Multilingual Speech Recognition and Understanding

The last decade has seen much progress in performance of speech recognition systems from cumbersome small vocabulary isolated word systems to large vocabulary continuous speech recognition (LV-CSR) over essentially unlimited vocabularies (50,000 words and more). Similarly, spoken language understanding systems now exist that process spontaneously spoken queries, although only in limited task domains under benign recording conditions (high quality, single speaker, no noise). A number of researchers have been encouraged by this state of affairs to extend these systems to other languages. They have studied similarities as well as differences across languages and improved the universality of current speech technologies.

Large Vocabulary Continuous Speech Recognition (LV-CSR).
A number of LV-CSR systems developed originally for one language have now been extended to several languages, including systems developed by IBM, Dragon Systems, Philips and Olivetti and LIMSI. The extension of these systems to English, German, French, Italian, Spanish, Dutch and Greek illustrates that current speech technology does generalize to different languages, provided sufficiently large transcribed speech databases are available. The research results show that similar modeling assumptions hold across languages with a few interesting exceptions. Differences in recognition performance are observed across languages, partially due to greater acoustic confusability (e.g., English), greater number of homonyms (e.g., French) and greater number of compound nouns and inflections (e.g., German). Such differences place a different burden on acoustic modeling vs. language modeling, vs. the dictionary, or increase confusability, respectively. Also, a recognition vocabulary is not as easily defined as a unit for processing in languages such as Japanese and Korean, where pictographs, the absence of spaces, and large numbers of particles complicate matters.

Multilingual Spoken Language Systems
While LV-CSR systems tackle large vocabularies, but assume benign speaking styles (read speech), spoken language systems currently assume smaller domains and vocabularies, but require unrestricted speaking style.

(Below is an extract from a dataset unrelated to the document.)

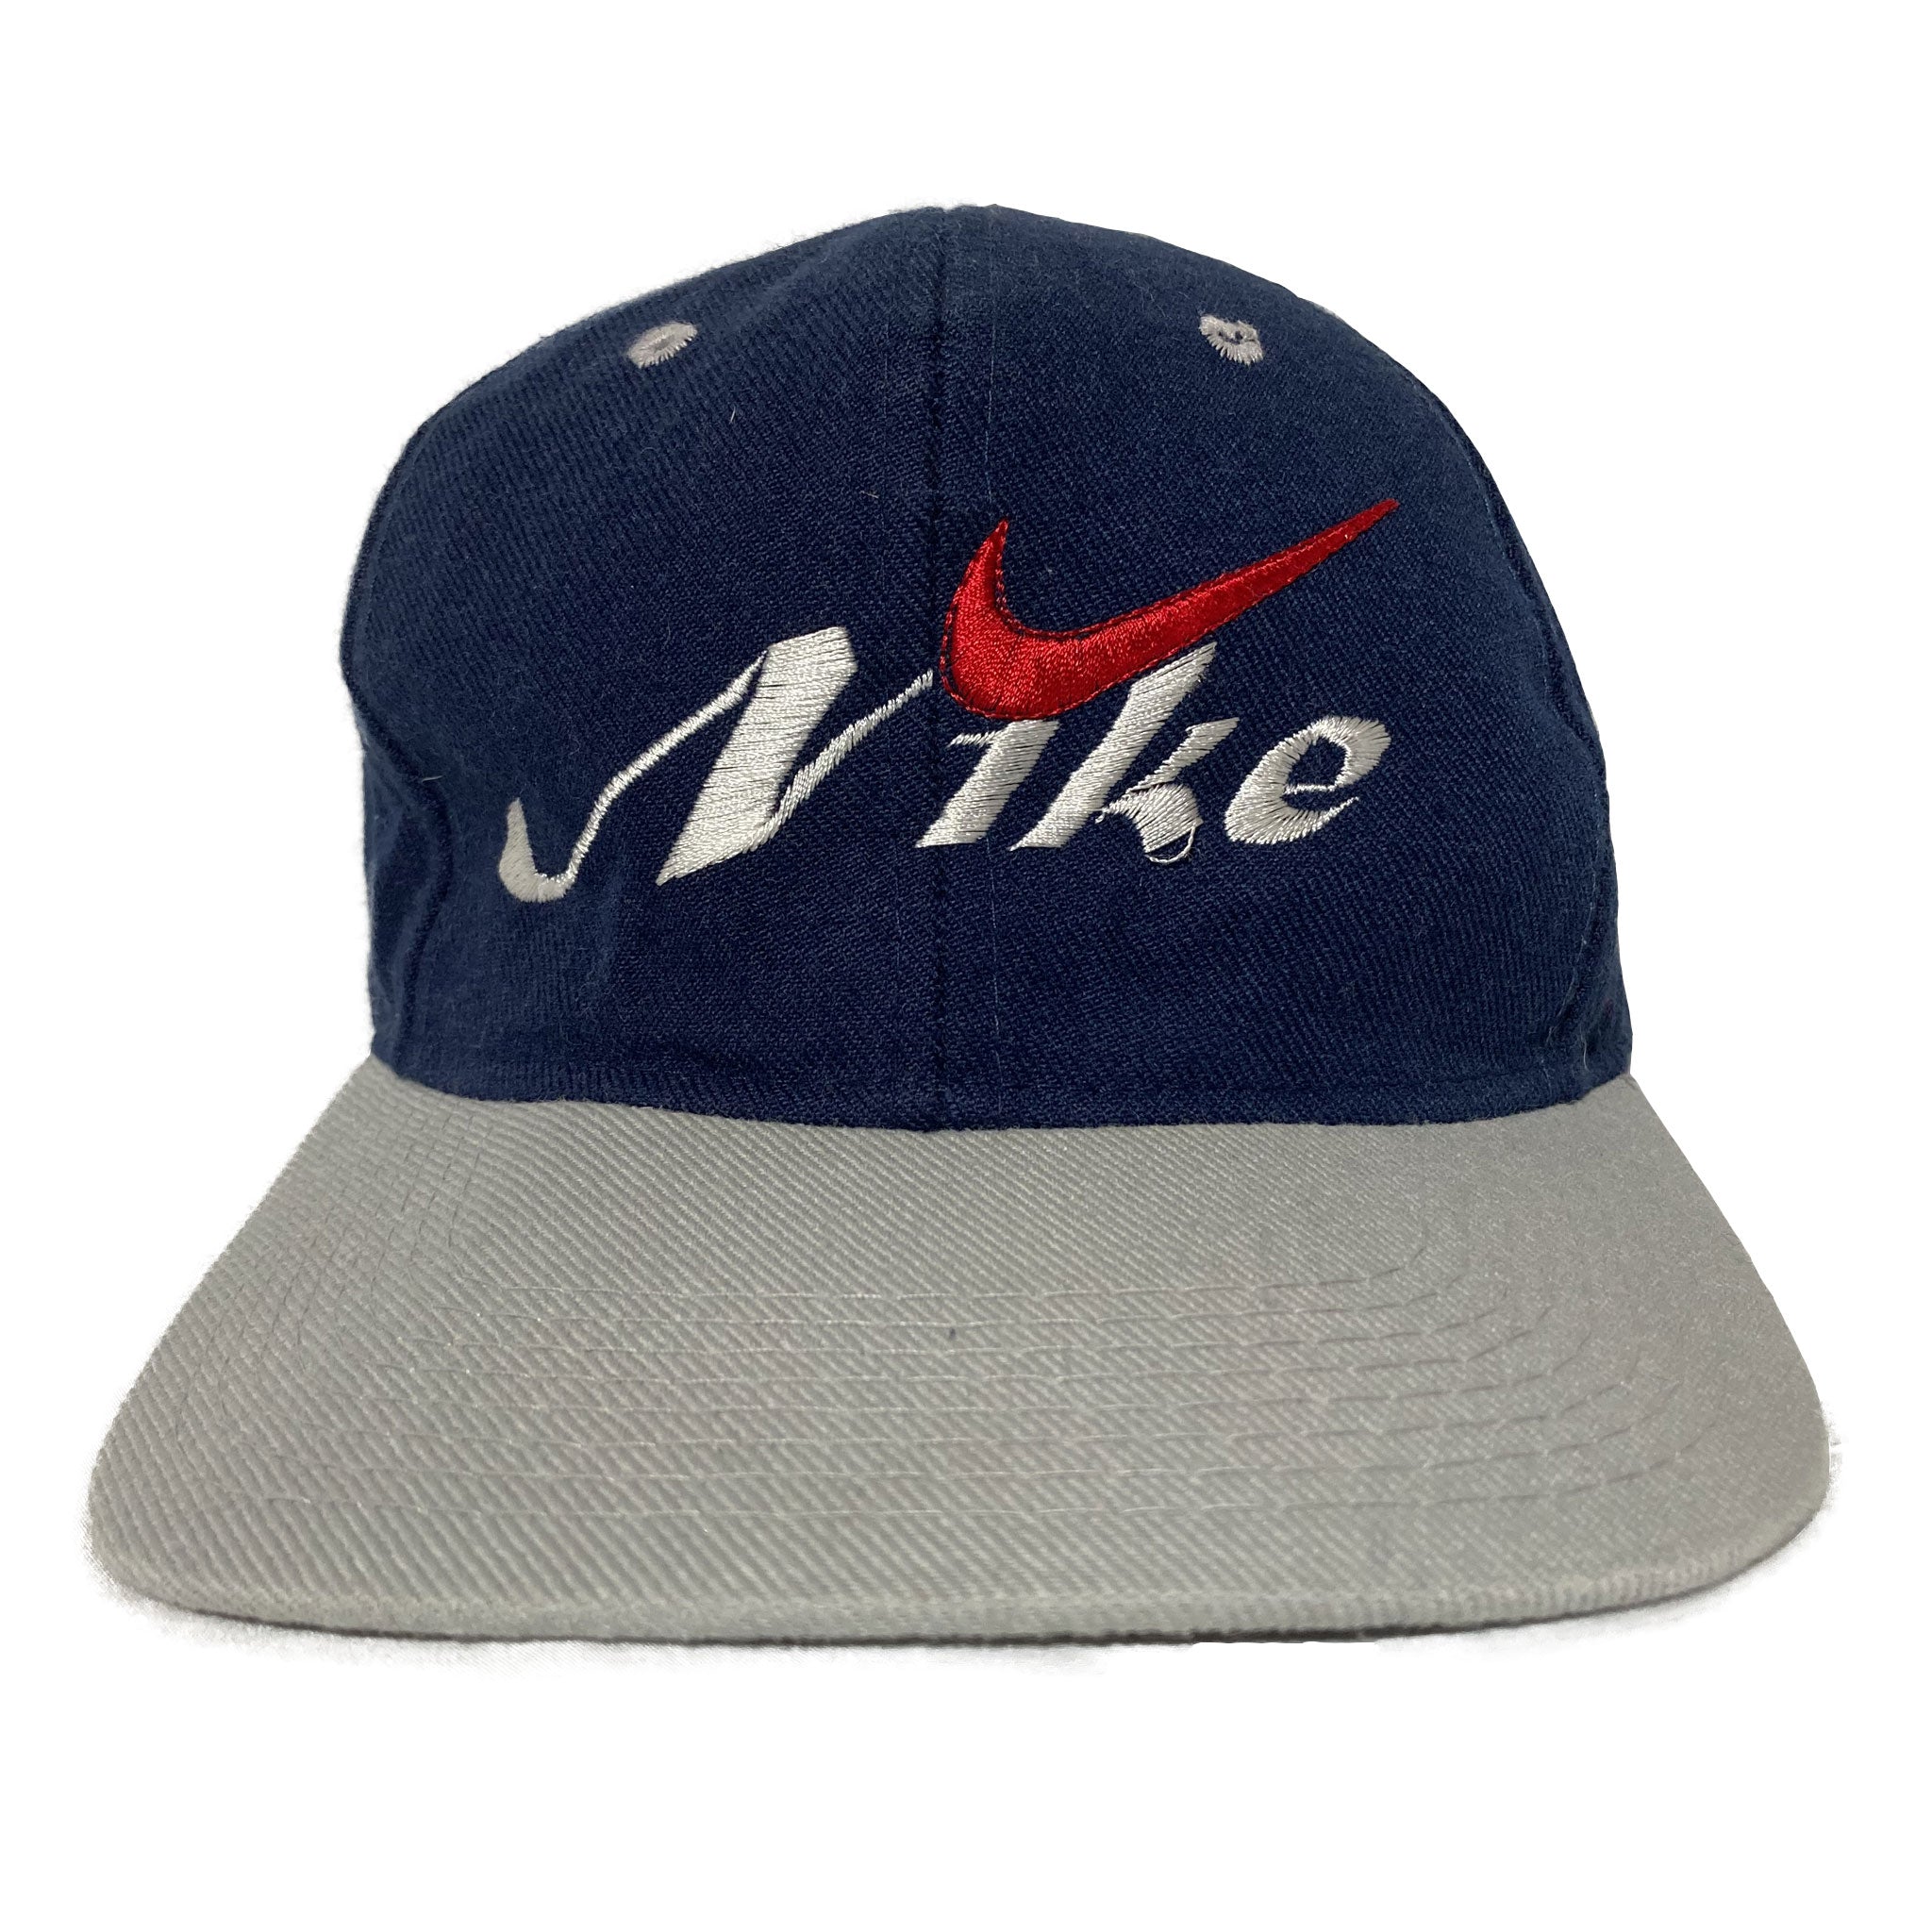 Bootleg Nike Cap

Spontaneous speech significantly degrades performance over read speech as it is more poorly articulated, grammatically ill-formed and garbled by noise. ARPA's Spoken Language projects have attacked this problem by focusing increasingly on the extraction of the semantic content of an utterance rather than accurate transcription. One such system, that has recently been extended to other languages is MIT's Voyager system. It was designed to handle information delivery tasks and can provide directions to nearby restaurants in Cambridge and also for airline travel information (ATIS). It has recently been extended to provide output in languages other than English. Researchers at LIMSI have developed a similar system for French (also airline travel information), thereby providing extension to French on the input side as well. Availability of recognition capabilities in multiple languages have also recently led to interesting new language, speaker and gender identification strategies. Transparent language identification could enhance the application of multilingual spoken language systems.
Despite the encouraging beginnings, multilingual spoken language systems still have to be improved before they can be deployed on a broad commercially feasible scale. Prototype systems have so far only been tested in benign recording situations, on very limited domains, with cooperative users, and without significant noise. Extending this technology to field situations will require increases in robustness as well as consideration of the human factors aspects of multilingual interface design.